There’s a lot to say about this. I think I’ll let others comment on Dern’s attunements, and the general notion of the story having to do with guilt and sexual desire.
I’ll comment only on two aspects which struck me. The first was how Polish this movie is. It is Polish within the story of course: a good half of the action involves Poles. The plot device is a Polish curse that somehow bends time and causality. And there are some Polish locations as well.
But the thing is shot using Kieslowski’s mannerisms. Its a peculiar style that to my knowledge no one else has used. It focuses on two motions: that of the environment as space which governs and changes. And that of the characters in motion, but situated in the spaces. With Kieslowski, he literally splits these in the writer’s mind by having his writing partner handle the noir bits, the controlling fate, and he handling the independently sprouting human seeds within. Lynch handles both sides by imposing schizophrenia.
But it is Polish in other ways too. The actor as Golem. The environment as interleaved worlds, each creating the others by being. It is a Kabbalistic concept. Both are characteristically Polish, usually associated with Polish Jews, but more deeply Polish. You can see how Lynch understands this because he quotes “The Saragossa Manuscript,” a Polish film about interweaving of kabbalistic worlds and the causal confusion that it brings.
The second thing is how he exploits this merger of folded narrative — where actors write new worlds; layered emanations where worlds spawn others — not parallel but linked in generative fate; geometric cosmology in which each act creates symmetries we encounter elsewhere.
He does all this by elaborating on the symmetries of cause. Ordinarily something causes something else, never backwards. Here it IS backwards, forwards, sideways — all the eight dimensions that an advanced student of the Maharishi knows… causal symmetries that have a geometry that doesn’t quite merge with the geometry of causality. Oddly, the story does make sense if you simply relax the causality a bit — it is much more accessible than the “Twin Peaks” meander.
I guess I should say that this is after the manner of the structure of “Finnegans Wake.” It is not as elaborate of course. It didn’t take 17 years and the deliberate intent of conflating all metaphors. But it is placed in a dream logic, a softening of the walls and hinges of what we make up as the logic of real life. Its Joycean through and through and not — as some would say — “surreal” as if anything not real is bent reality.
I know of a few filmmakers who can work with these notions: Medem, Greenaway, Madden, Ruiz. This is the most delicate and focused I’ve seen in a long, long while. You really must spend time with it. You must.

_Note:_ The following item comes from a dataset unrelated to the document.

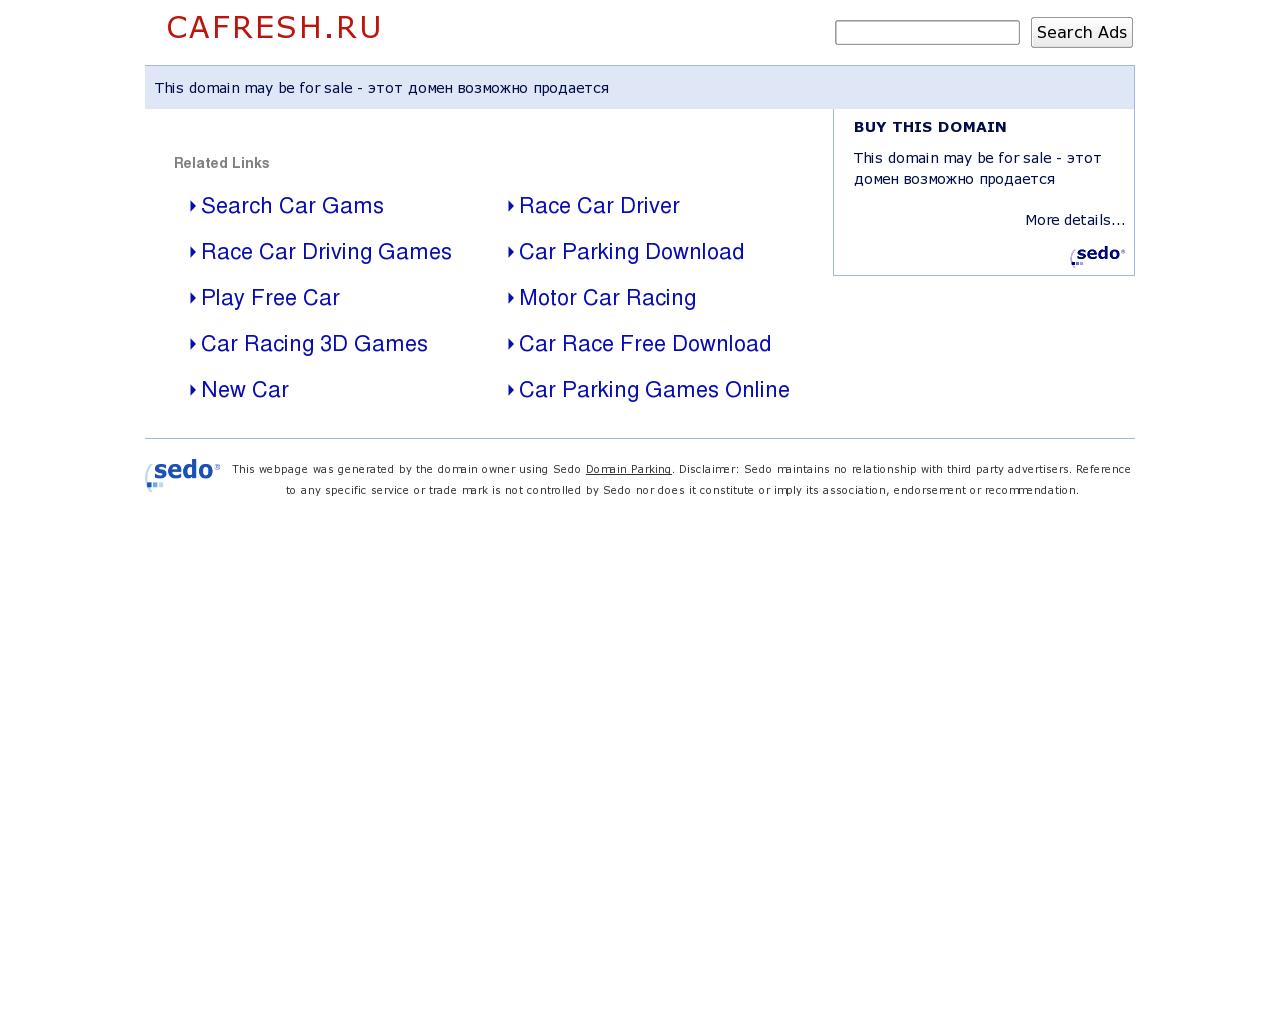 Изображение сайта cafresh.ru в разрешении 1280x1024

Here’s a serious piece of advice though. See Lynch’s “Rabbits” episodes first, separately, ideally a week or so ahead. Take them in as a standalone piece, a remarkable piece of film. Some of it is in this film, excerpted, extended, reshot and literally entered by all the Dern characters. But you’d be better having that anchor before starting this tempestvoyage.
Posted in 2007
Ted’s Evaluation — 4 of 3: Every cineliterate person should experience this.